Feature: Any pushed docker image to ACR is signed automatically

[ayanibr]

Is this a BUG REPORT or FEATURE REQUEST?: FEATURE

What happened?: At the moment, to have signed images in the registry, the set of manual steps are required using cli or using pipeline yaml to sign and push docker images.

What we expect: It would be nice to have an option to sign images automatically which are pushed to ACR.
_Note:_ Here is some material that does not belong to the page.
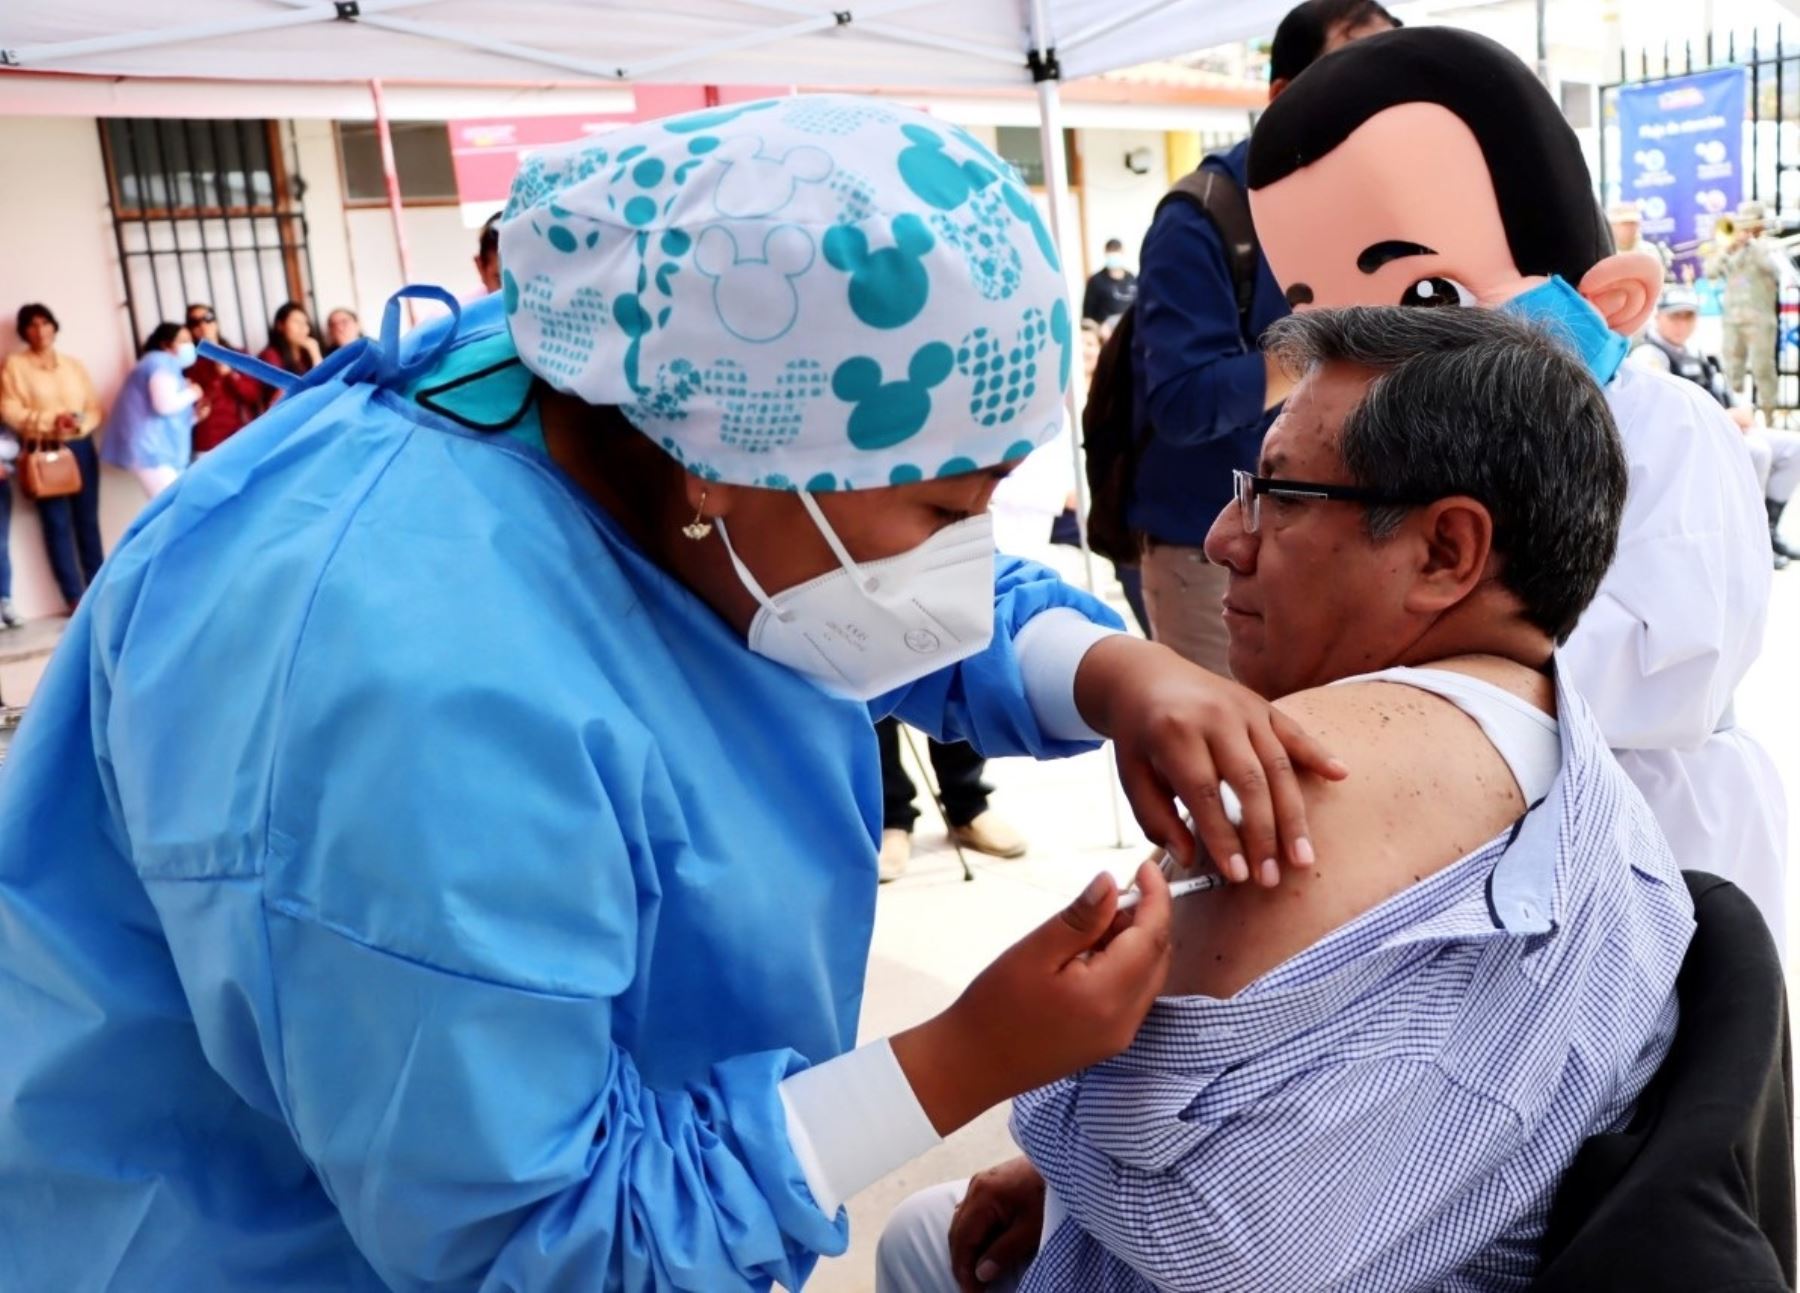 El titular de la Dirección Regional de Salud (Diresa) de Cajamarca, Víctor Zavaleta Gavidia, fue el primero en recibir la vacuna bivalente contra el covid-19. Se espera inmunizar a más de 11,000 trabajadores de salud de esa región. Foto: Eduard Lozano.

Instead of using cli or yaml pipeline, the option to configure the ACR itself with keys and certificates to sign any image pushed to registry or to have filter/option to sign image based on tag value.

[Monishguru]

@ayanibr With Azure DevOps Pipeline, when trying to push the image with the sign, we get the following error. Have you ever came across this, if yes can you please let us know what exactly is missing ...we have initialized the repo with a delegate key and we are able to see all the keys when we do a trust inspect...any help would be appreciated

##[error]time="2021-06-29T10:07:28Z" level=error msg="couldn't add target to targets/zzzzz: could not find necessary signing keys, at least one of these keys must be available: xxxxxxxxxxxxxxxxxxxxxxxxxxxx" ##[error]failed to sign repo/test/pipeline-templates_tests_docker_build_v3:20210629100550.62491.521a451: could not find necessary signing keys, at least one of these keys must be available: xxxxxxxxxxxxxxxxxxxxxxxxxxxxxxxxxx ##[error]The process '/usr/bin/docker' failed with exit code 1

[terencet-dev]

Closing as this has been inactive for over three months. Please open a support ticket with our team for assistance.